*** RAW DATA ***
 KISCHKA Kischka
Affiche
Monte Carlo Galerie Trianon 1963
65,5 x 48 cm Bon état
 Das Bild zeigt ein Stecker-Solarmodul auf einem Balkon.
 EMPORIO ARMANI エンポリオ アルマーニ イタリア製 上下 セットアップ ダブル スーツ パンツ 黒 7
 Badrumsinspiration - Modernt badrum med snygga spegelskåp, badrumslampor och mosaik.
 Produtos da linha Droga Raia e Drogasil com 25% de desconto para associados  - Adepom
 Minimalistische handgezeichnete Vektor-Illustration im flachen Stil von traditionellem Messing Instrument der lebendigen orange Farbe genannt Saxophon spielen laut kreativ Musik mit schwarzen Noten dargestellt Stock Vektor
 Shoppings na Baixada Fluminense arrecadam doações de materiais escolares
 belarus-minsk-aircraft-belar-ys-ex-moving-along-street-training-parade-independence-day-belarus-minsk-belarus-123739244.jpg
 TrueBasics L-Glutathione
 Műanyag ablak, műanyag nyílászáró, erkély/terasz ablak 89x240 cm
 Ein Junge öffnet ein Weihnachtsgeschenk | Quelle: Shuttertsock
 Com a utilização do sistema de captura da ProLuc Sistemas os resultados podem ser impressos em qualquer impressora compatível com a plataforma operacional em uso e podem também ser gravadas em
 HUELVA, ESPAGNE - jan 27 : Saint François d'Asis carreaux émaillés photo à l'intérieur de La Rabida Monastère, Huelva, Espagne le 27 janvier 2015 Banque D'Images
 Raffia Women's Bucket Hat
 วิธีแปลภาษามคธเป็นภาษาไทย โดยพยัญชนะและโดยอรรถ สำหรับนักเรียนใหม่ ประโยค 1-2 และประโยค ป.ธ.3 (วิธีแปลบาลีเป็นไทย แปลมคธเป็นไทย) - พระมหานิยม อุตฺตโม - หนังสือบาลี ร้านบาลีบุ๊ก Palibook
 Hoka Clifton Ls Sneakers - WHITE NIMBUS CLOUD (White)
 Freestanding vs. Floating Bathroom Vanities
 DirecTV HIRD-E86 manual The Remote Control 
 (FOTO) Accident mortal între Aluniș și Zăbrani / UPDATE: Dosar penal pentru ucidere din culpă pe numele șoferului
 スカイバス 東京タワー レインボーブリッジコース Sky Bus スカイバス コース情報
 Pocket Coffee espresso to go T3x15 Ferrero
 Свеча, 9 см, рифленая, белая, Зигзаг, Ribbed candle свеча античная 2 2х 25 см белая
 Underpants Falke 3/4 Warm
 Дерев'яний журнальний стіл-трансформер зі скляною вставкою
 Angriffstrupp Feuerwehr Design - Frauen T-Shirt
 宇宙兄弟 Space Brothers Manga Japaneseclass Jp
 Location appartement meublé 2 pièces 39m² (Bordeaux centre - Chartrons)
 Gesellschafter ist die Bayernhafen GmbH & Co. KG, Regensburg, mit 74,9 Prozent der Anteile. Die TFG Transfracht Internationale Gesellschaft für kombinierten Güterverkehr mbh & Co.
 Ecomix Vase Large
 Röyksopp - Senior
*** End of RAW DATA ***
> PROBLEM DETAILS
Take the listing above and repeat exactly the lines from the one containing "Produtos da linha" through the one containing "Hoka Clifton Ls", both included.

> EXERCISE ANSWER
 Produtos da linha Droga Raia e Drogasil com 25% de desconto para associados  - Adepom
 Minimalistische handgezeichnete Vektor-Illustration im flachen Stil von traditionellem Messing Instrument der lebendigen orange Farbe genannt Saxophon spielen laut kreativ Musik mit schwarzen Noten dargestellt Stock Vektor
 Shoppings na Baixada Fluminense arrecadam doações de materiais escolares
 belarus-minsk-aircraft-belar-ys-ex-moving-along-street-training-parade-independence-day-belarus-minsk-belarus-123739244.jpg
 TrueBasics L-Glutathione
 Műanyag ablak, műanyag nyílászáró, erkély/terasz ablak 89x240 cm
 Ein Junge öffnet ein Weihnachtsgeschenk | Quelle: Shuttertsock
 Com a utilização do sistema de captura da ProLuc Sistemas os resultados podem ser impressos em qualquer impressora compatível com a plataforma operacional em uso e podem também ser gravadas em
 HUELVA, ESPAGNE - jan 27 : Saint François d'Asis carreaux émaillés photo à l'intérieur de La Rabida Monastère, Huelva, Espagne le 27 janvier 2015 Banque D'Images
 Raffia Women's Bucket Hat
 วิธีแปลภาษามคธเป็นภาษาไทย โดยพยัญชนะและโดยอรรถ สำหรับนักเรียนใหม่ ประโยค 1-2 และประโยค ป.ธ.3 (วิธีแปลบาลีเป็นไทย แปลมคธเป็นไทย) - พระมหานิยม อุตฺตโม - หนังสือบาลี ร้านบาลีบุ๊ก Palibook
 Hoka Clifton Ls Sneakers - WHITE NIMBUS CLOUD (White)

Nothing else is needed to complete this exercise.